(Dataset extract):
───

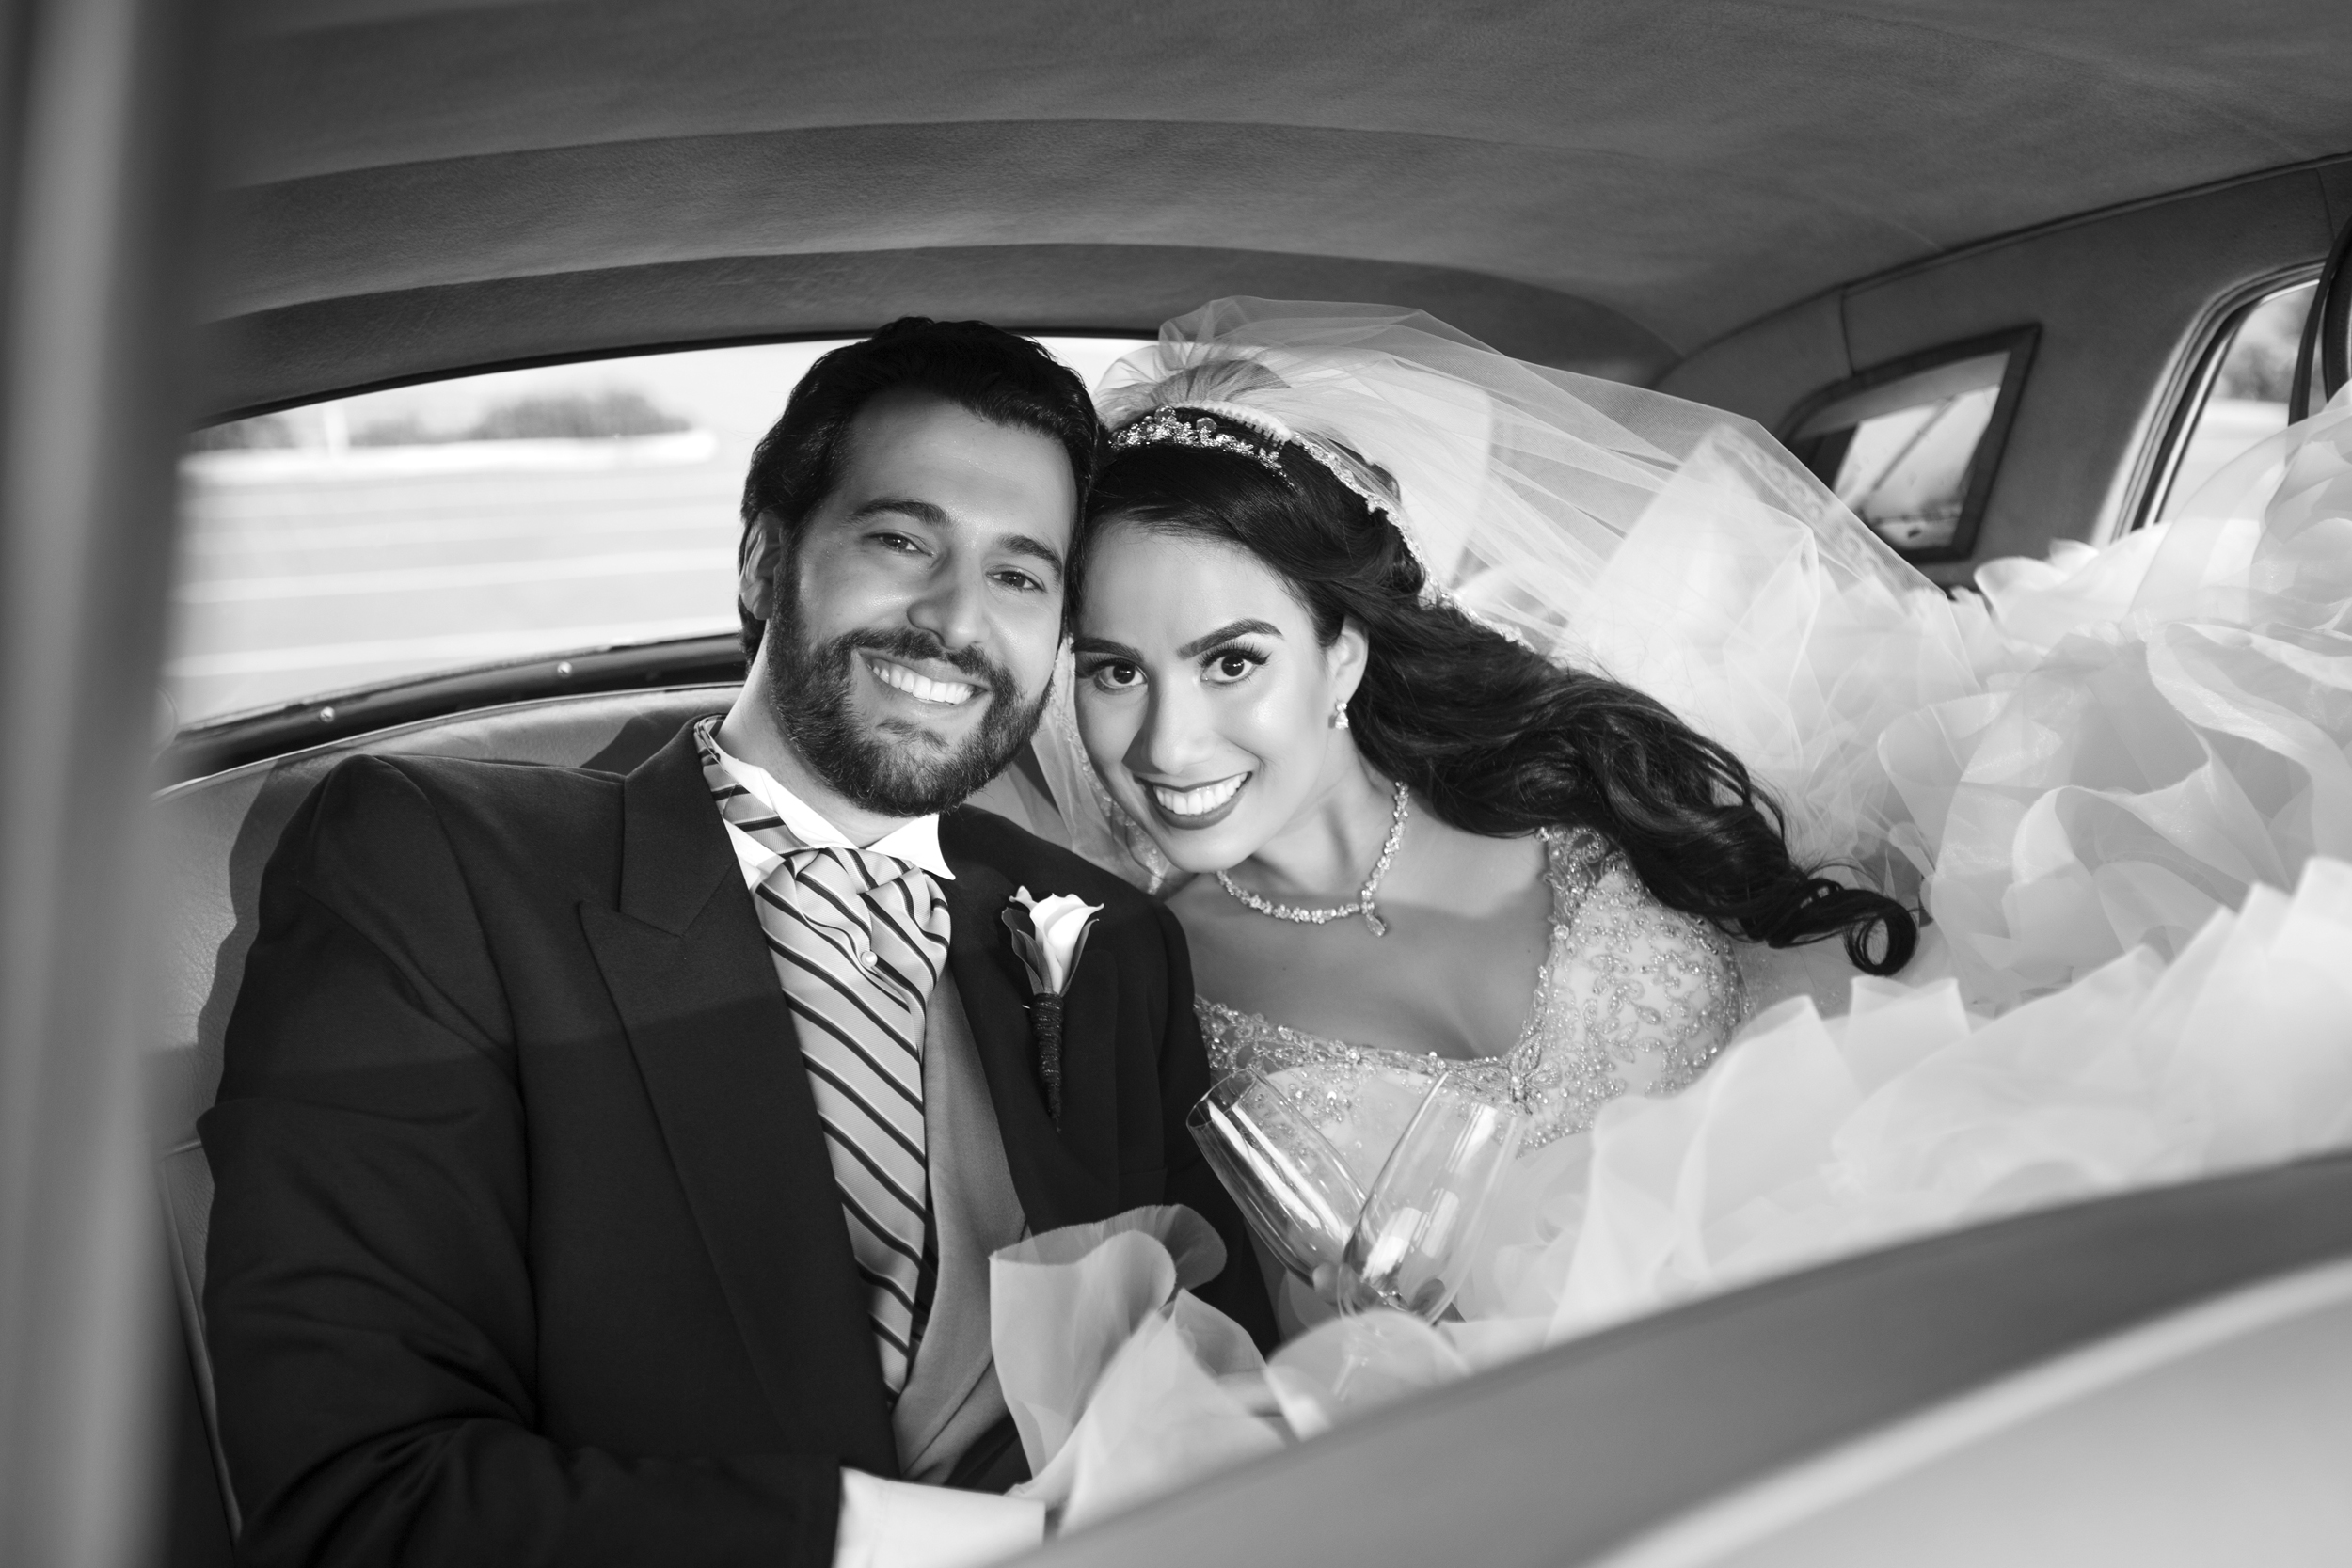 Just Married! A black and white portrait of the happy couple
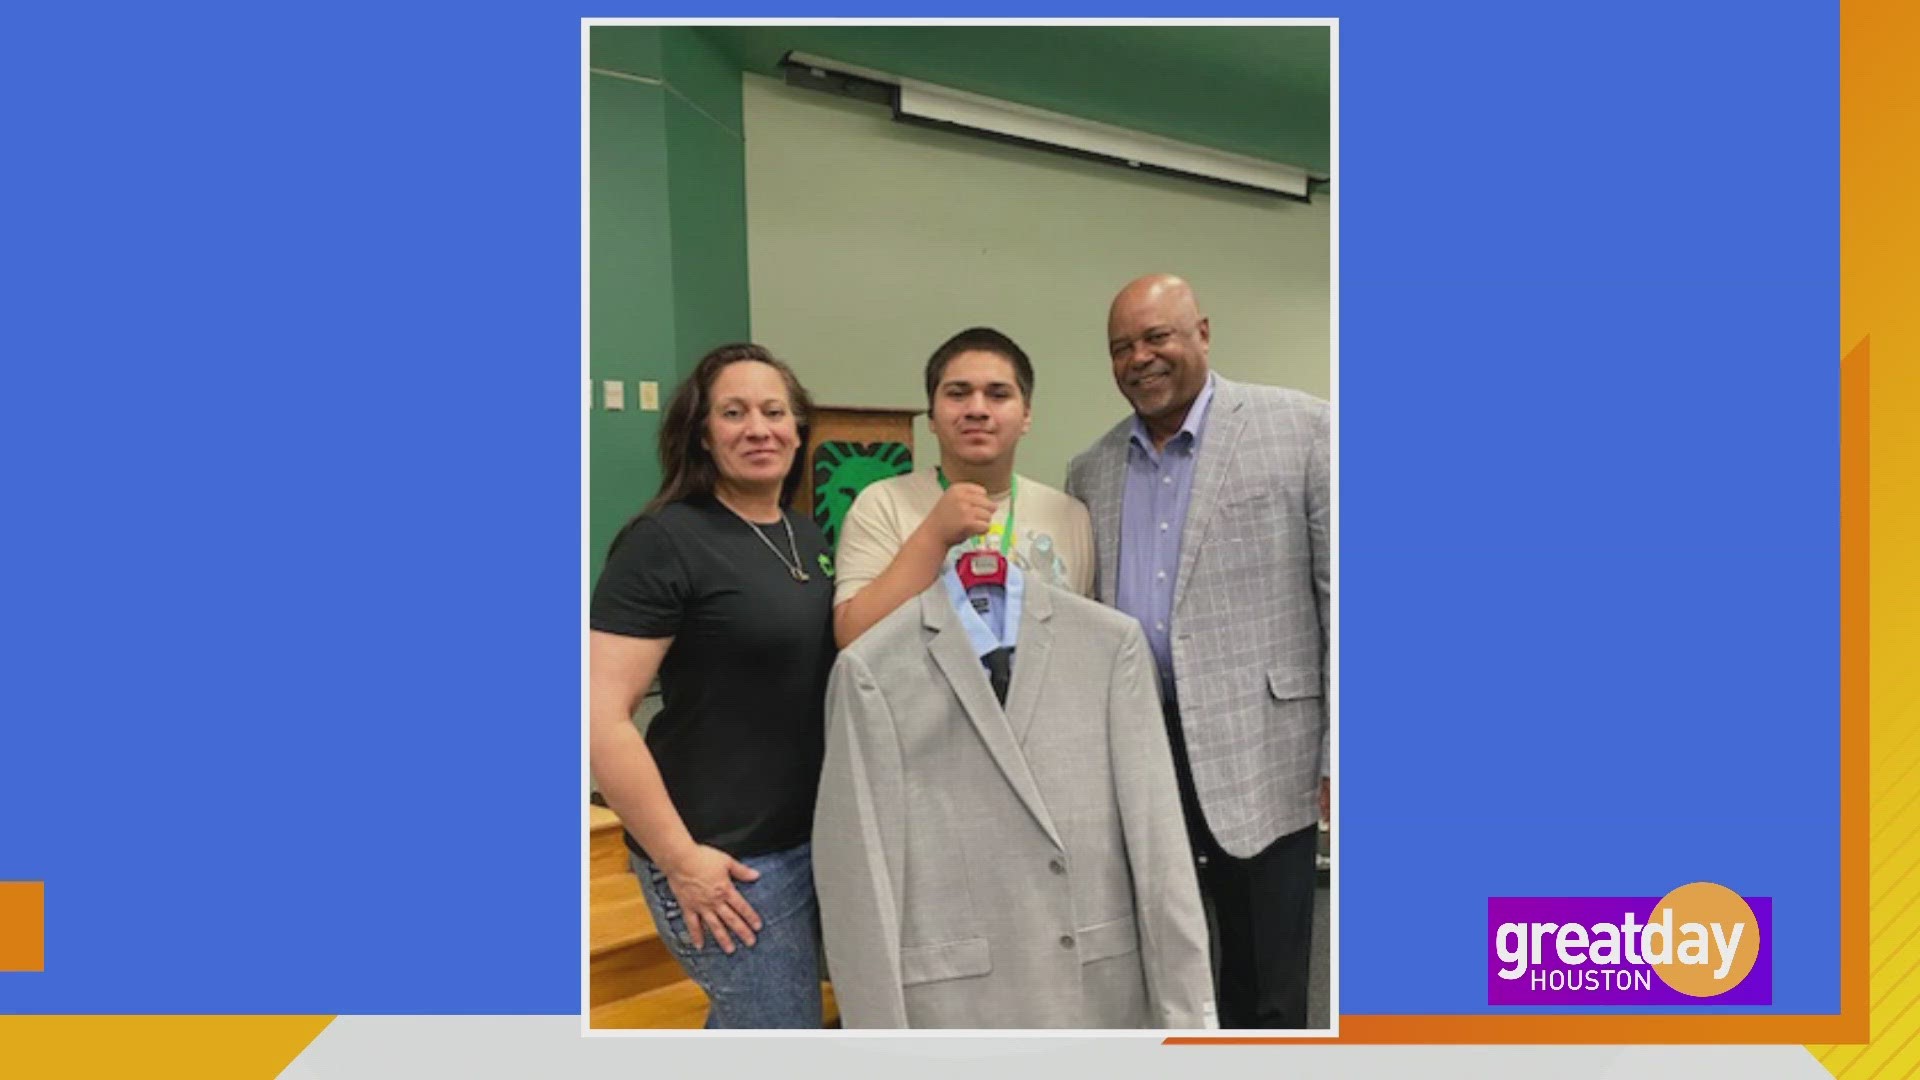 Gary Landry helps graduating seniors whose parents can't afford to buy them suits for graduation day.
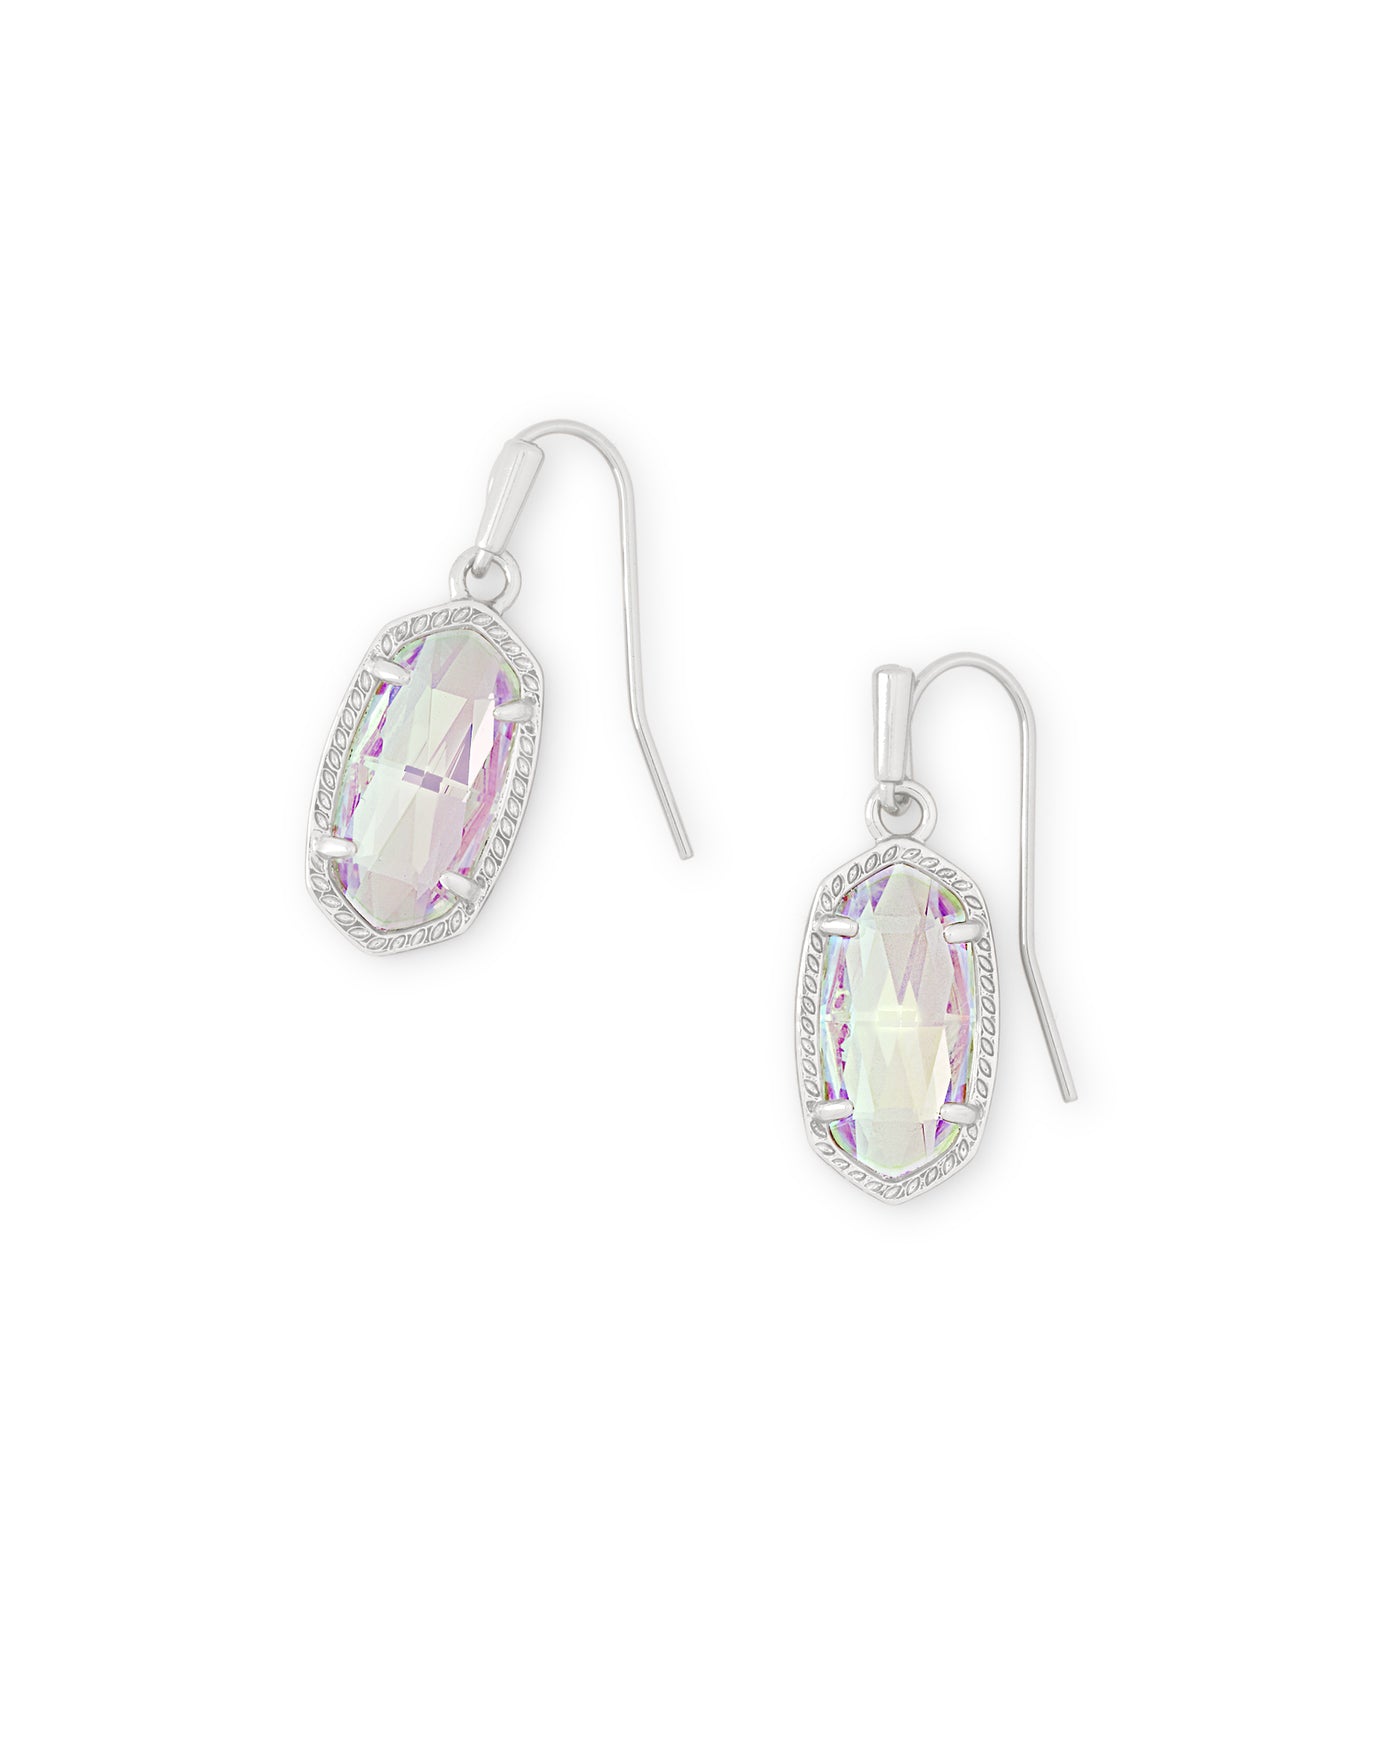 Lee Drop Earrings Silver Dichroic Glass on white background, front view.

───

(Exercise description):
From the line that contains "Gary Landry helps" to the end of the listing, give every line again exactly as written. Leave the pictures out.

(Written response):
 Gary Landry helps graduating seniors whose parents can't afford to buy them suits for graduation day.
 Lee Drop Earrings Silver Dichroic Glass on white background, front view.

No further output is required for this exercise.